Limitations & Future Work¶
- The method relies on performing SVD on layer-wise task matrices. While an offline operation, this may become a bottleneck for larger models, higher-rank updates, or multi-layer full-weight merging.
- The theory mainly explains linear weight merging and local linear layer behavior; its explanation for non-linear functional combinations, token distribution changes, and dynamic routing at inference time remains limited.
- SVC balances all tasks in a data-free manner by default. If a user genuinely cares about specific task priorities, they would need to combine this with the target-task calibration or additional preference information mentioned in the paper.
- Current experiments cover vision, NLP, and 7B-class LLMs, but further testing on instruction tuning, multimodal adapter merging, LoRA merging, and safety-aligned model merging for spectral over-accumulation is possible.
Related Work & Insights¶
- vs Task Arithmetic: Task Arithmetic sums task vectors directly, which is simple and efficient but prone to over-accumulating shared directions; SVC can serve as its post-processor, improving 8-task ViT-B/32 from 68.9 to 81.9.
- vs TIES / DARE: These methods mostly handle sign conflicts or sparsify conflicting updates at the parameter level; SVC focuses on global spectral structure, thus addressing the problem of "non-conflicting but over-strong" shared directions.
- vs TSV-M / Iso-C / Iso-CTS: These methods already use a spectral perspective to construct merged updates; SVC differs by diagnosing output subspace overlap after merging as a post-processor, without needing to rewrite the basic merging rules.

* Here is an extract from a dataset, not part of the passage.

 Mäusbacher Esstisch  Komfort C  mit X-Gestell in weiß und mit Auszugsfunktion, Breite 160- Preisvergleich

- Insight: For the fusion of adapters, LoRA, and specialist models, merging quality may depend not only on task correlation but also on whether shared directions are repetitively magnified spectrally; similar diagnostics could be used in the future to select task combinations for merging.
Rating¶
- Novelty: ⭐⭐⭐⭐☆ Spectral space merging has an existing foundation, but formalizing shared knowledge over-accumulation through output space projection and singular value inflation is highly distinctive.

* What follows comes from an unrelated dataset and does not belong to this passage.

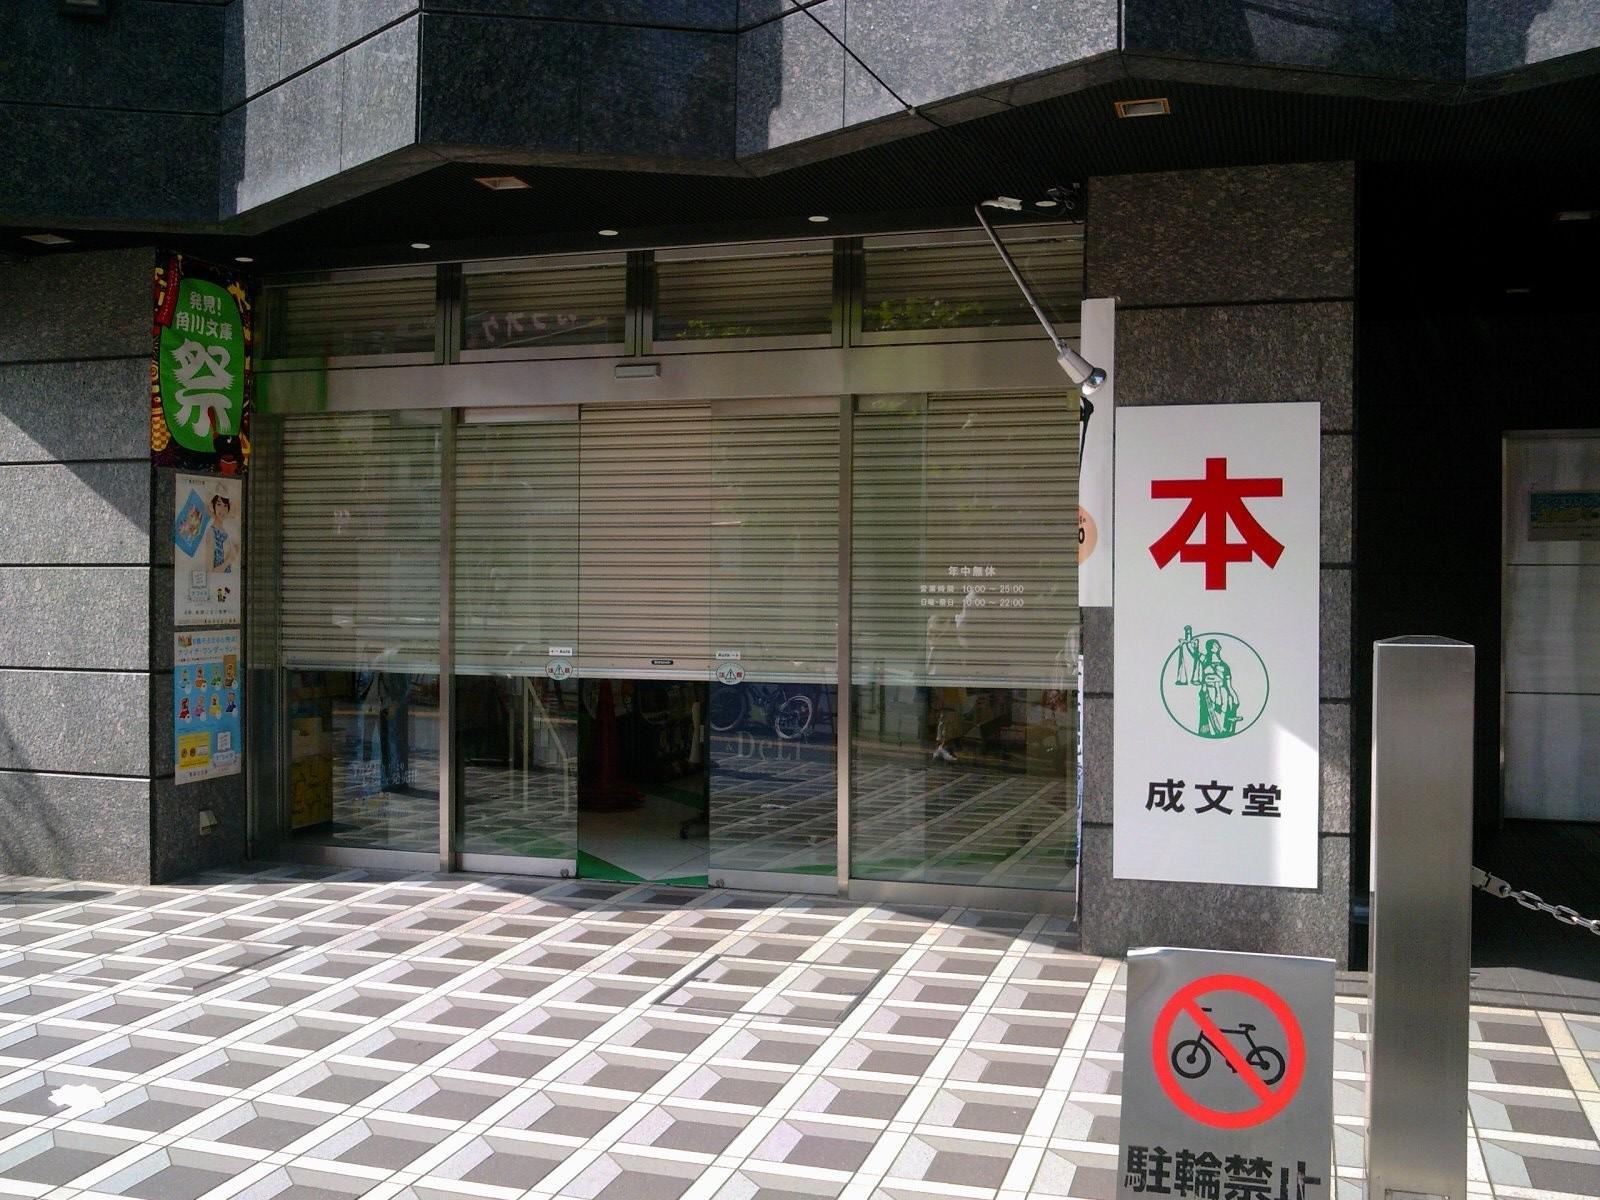 成文堂早稲田駅前店のブログ : 【オープンキャンパスへお越し ...

- Experimental Thoroughness: ⭐⭐⭐⭐☆ Covers vision and language, multiple mergers, and ablations; conclusions are solid, though more real-world LLM adapter merging cases would be more complete.
- Writing Quality: ⭐⭐⭐⭐☆ Motivation, theory, and algorithms are naturally linked. A few tables are information-dense and require familiarity with the model merging background.
- Value: ⭐⭐⭐⭐⭐ As a training-free, data-free post-processor, it is highly practical and provides a clear diagnostic tool for model merging failure analysis.